Crude Oil Price Surges Above $100 as Iran War Disrupts Gulf Exports
Monday at 7: 55 a. m. ET — The crude oil price has climbed past $100 a barrel as recent military escalation in the Middle East has removed millions of barrels from global trade, driving benchmark Brent and US crude sharply higher. The timing reflects sudden supply losses and shipping stoppages that reached a critical threshold this week.
Crude Oil Price Tops $100 as Brent and WTI Jump
Brent crude jumped 16. 6% to $108. 10 a barrel in early trading, and West Texas Intermediate rose nearly 19. 6% to about $108. 72 a barrel, pushing global prices back into triple digits for the first time since 2022. Markets cited an immediate shortfall in available exports as the primary driver; analysts and traders noted the move followed an intense week of attacks and precautionary production cuts.
Strait of Hormuz Disruptions Remove Millions of Barrels
Traffic through the Strait of Hormuz has almost completely stopped after threats to vessels, leaving roughly 200 tankers stranded and prompting some Gulf producers to suspend shipments. The stoppage has effectively removed tens of millions of barrels from daily flow to refiners, and comments from regional officials warn that storage facilities are filling and fields could be shut if exports remain blocked.

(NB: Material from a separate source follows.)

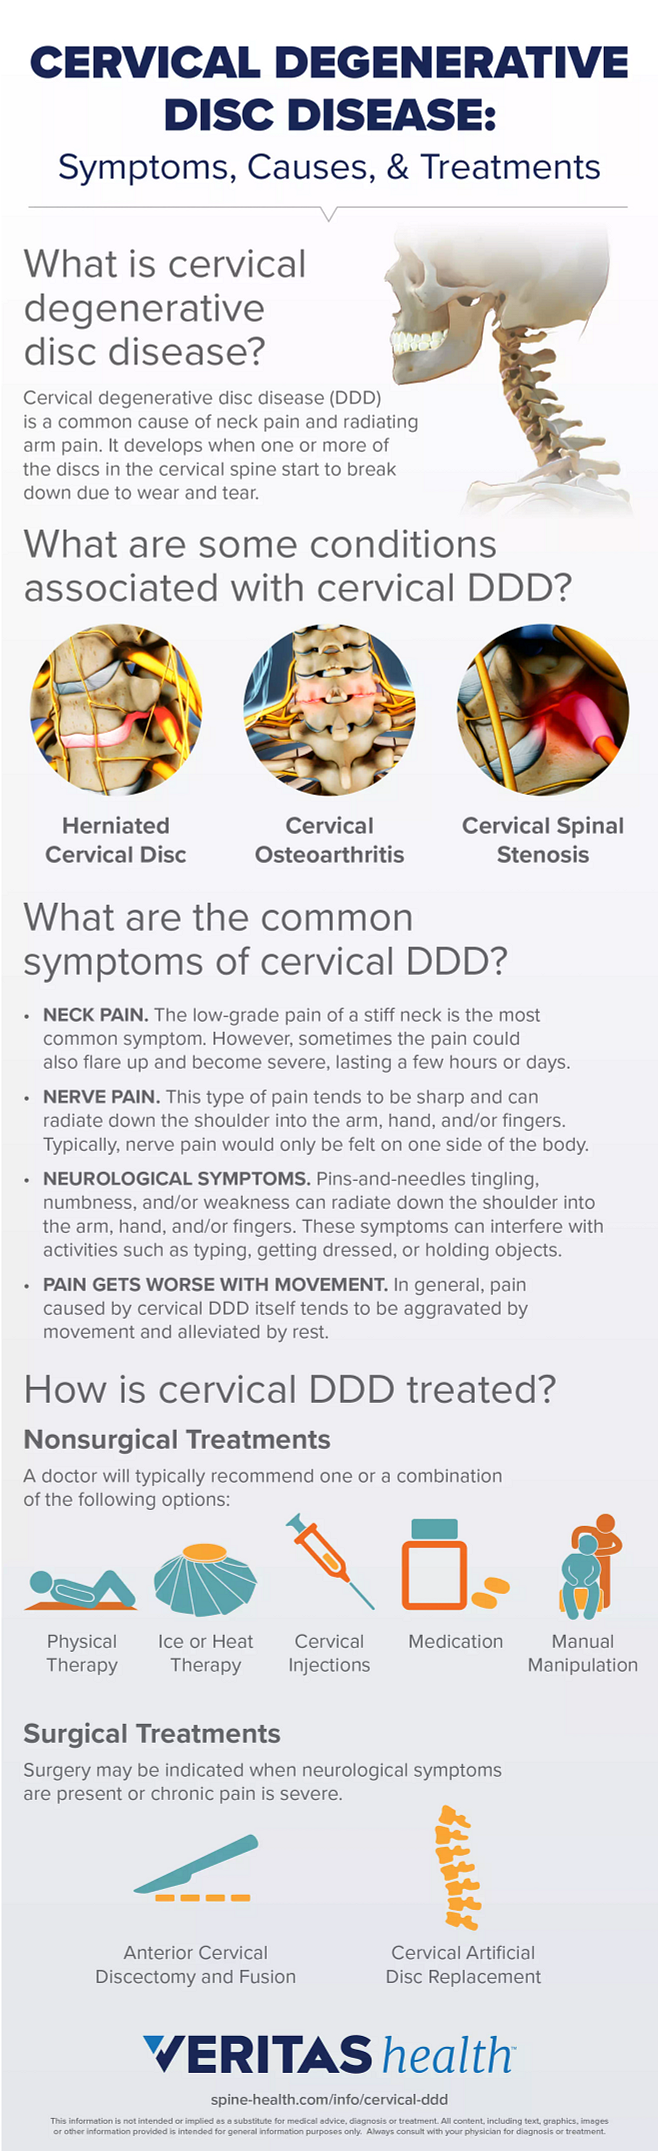 Cervical Degenerative Disc Disease

Energy Policy Responses and Consumer Price Effects in the UK and US
Immediate consumer impacts have surfaced: UK petrol rose to an average of 132. 14p per litre and diesel to 142. 15p per litre in weekly figures, while US pump prices climbed roughly 23 cents per gallon for petrol and 41 cents for diesel in a single week. UK gas benchmark pricing briefly topped levels last seen a year after the 2022 Ukraine war, and the UK energy price cap remains set at its current level until July, shielding some households for now.
Still, traders warned that if shipping risks persist, refiners and storage operators could force producers to cut output further, tightening supplies and keeping the crude oil price elevated. Some Gulf producers have already taken precautionary production actions this week, and insurance premiums for vessels linked to certain nationalities have risen sharply because of higher perceived attack risk.
That operational squeeze has unfolded quickly: global prices rose after a concentrated period of escalating conflict in the region, and major market benchmarks recorded their largest weekly gains in years. Analysts cited a shift from pricing geopolitical risk to pricing tangible disruptions — refinery shutdowns, halted shipments, and full storage tanks — that immediately impair crude processing and regional flows.
Consumers and businesses are feeling early effects. In the US the national average petrol price reached $3. 41 per gallon on Saturday, up by $0. 43 over the prior week, while energy ministers and economists warned that prolonged disruption could force further production cuts and lift prices toward higher thresholds seen during previous crises.
For now, the market reaction is concentrated and acute: Brent and WTI both jumped into triple digits in the wake of the week’s events, reversing earlier expectations that prices would remain contained. Observers note that a combination of halted shipping through a crucial choke point and precautionary national cuts has created a deficit measured in millions of barrels each day.
Officials and industry participants have floated contingency measures such as rerouting exports, drawing on emergency reserves, or extending government-backed insurance to shipping firms, but market commentary this week emphasized that such steps may not fully offset the current loss of supply until transit through the strait normalizes and storage pressures ease.
The energy price cap in the UK is scheduled to stay at its current level until July; if gas and oil prices remain elevated, policymakers may face pressure to adjust household support measures. If shipping through the Strait of Hormuz does not resume and Gulf storage fills further, market participants expect additional production shutdowns that could keep the crude oil price above current levels.